Ex Parte Fouquet et al - Page 4

                Appeal 2007-1114                                                                             
                Application 10/314,687                                                                       

                                                35 U.S.C. § 102                                              
                      A claim is anticipated only if each and every element as set forth in                  
                the claim is found, either expressly or inherently described, in a single prior              
                art reference.  Verdegaal Bros. Inc. v. Union Oil Co., 814 F.2d 628, 631, 2                  
                USPQ2d 1051, 1053 (Fed. Cir. 1987).  The inquiry as to whether a reference                   
                anticipates a claim must focus on what subject matter is encompassed by the                  
                claim and what subject matter is described by the reference.  As set forth by                
                the court in Kalman v. Kimberly-Clark Corp., 713 F.2d 760, 772, 218 USPQ                     
                781, 789 (Fed. Cir. 1983), it is only necessary for the claims to “‘read on’                 
                something disclosed in the reference, i.e., all limitations of the claim are                 
                found in the reference, or ‘fully met’ by it.”  While all elements of the                    
                claimed invention must appear in a single reference, additional references                   
                may be used to interpret the anticipating reference and to shed light on its                 
                meaning, particularly to those skilled in the art at the relevant time.  See                 
                Studiengesellschaft Kohle v. Dart Indus., Inc., 726 F.2d 724, 726-727, 220                   
                USPQ 841, 842-843 (Fed.
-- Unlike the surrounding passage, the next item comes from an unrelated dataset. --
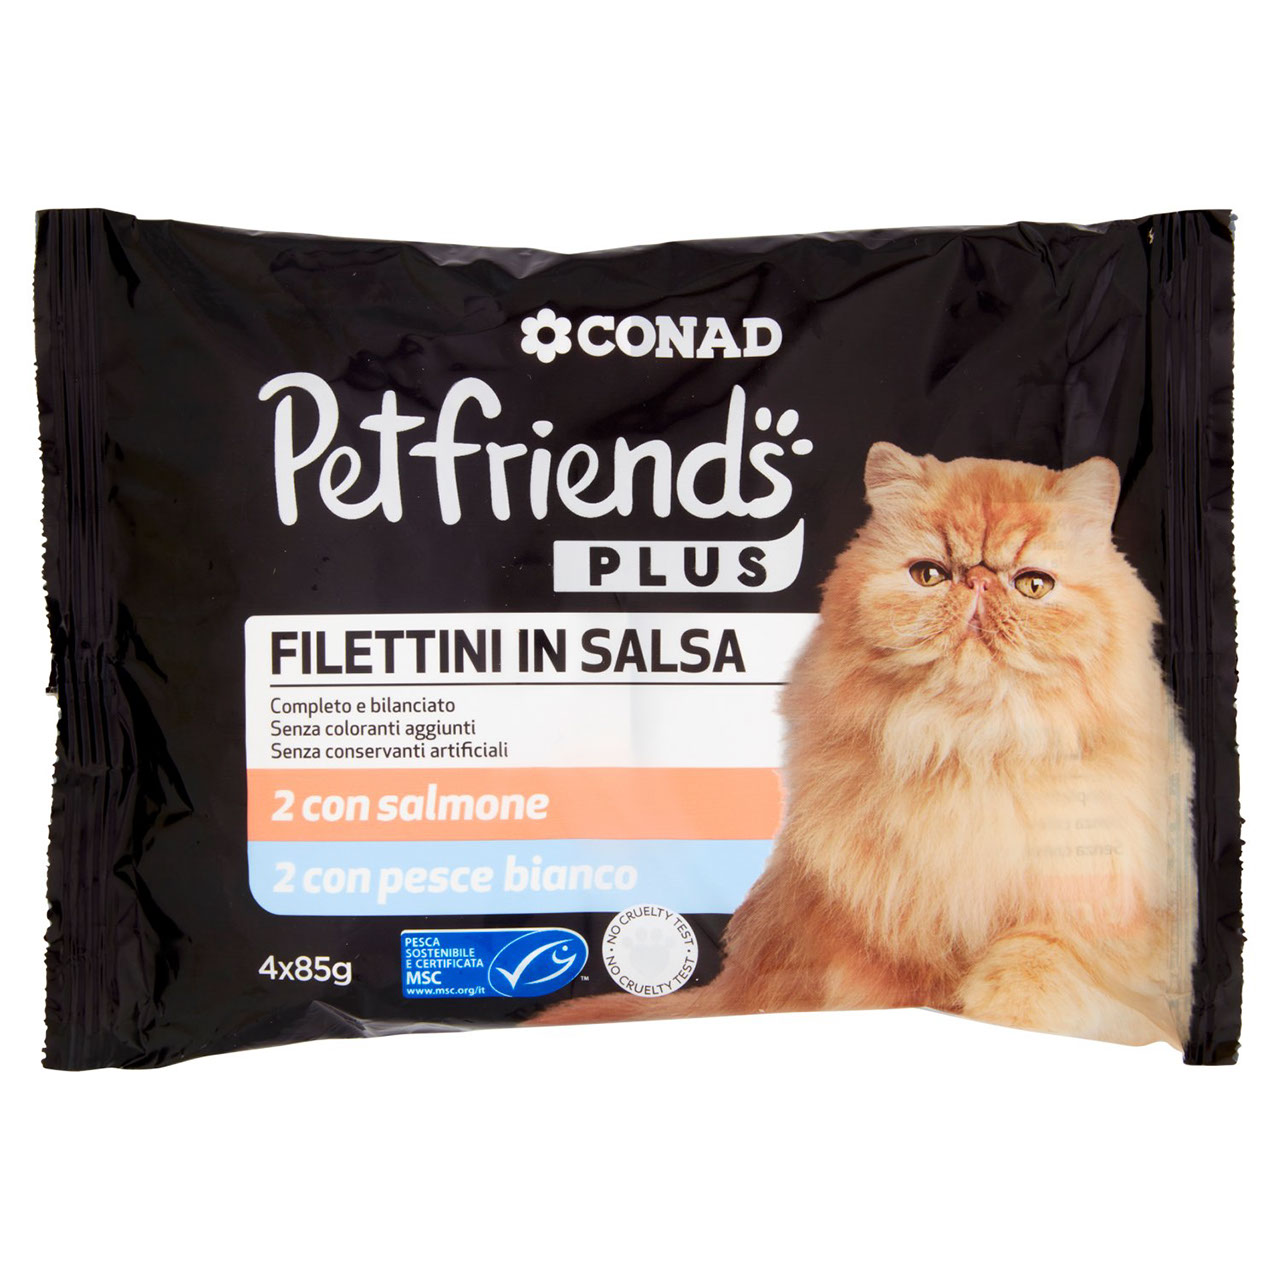 Petfriends Plus Filettini in salsa Salmone e Pesce
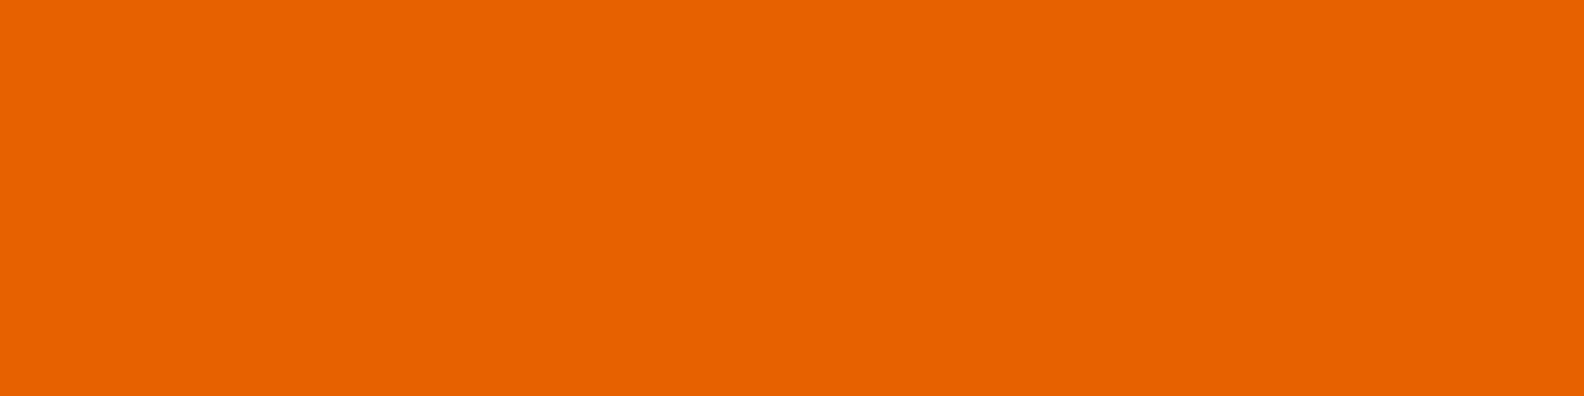 1584x396 Spanish Orange Solid Color Background

Cir. 1984).                                                          
                      Here, we find that the Examiner has interpreted the claims in a                        
                reasonable manner in light of the express limitations recited in the language                
                of independent claim 21.  Appellants argue that the Appellants may be their                  
                own lexicographer and that it is reasonable to look to Appellants’                           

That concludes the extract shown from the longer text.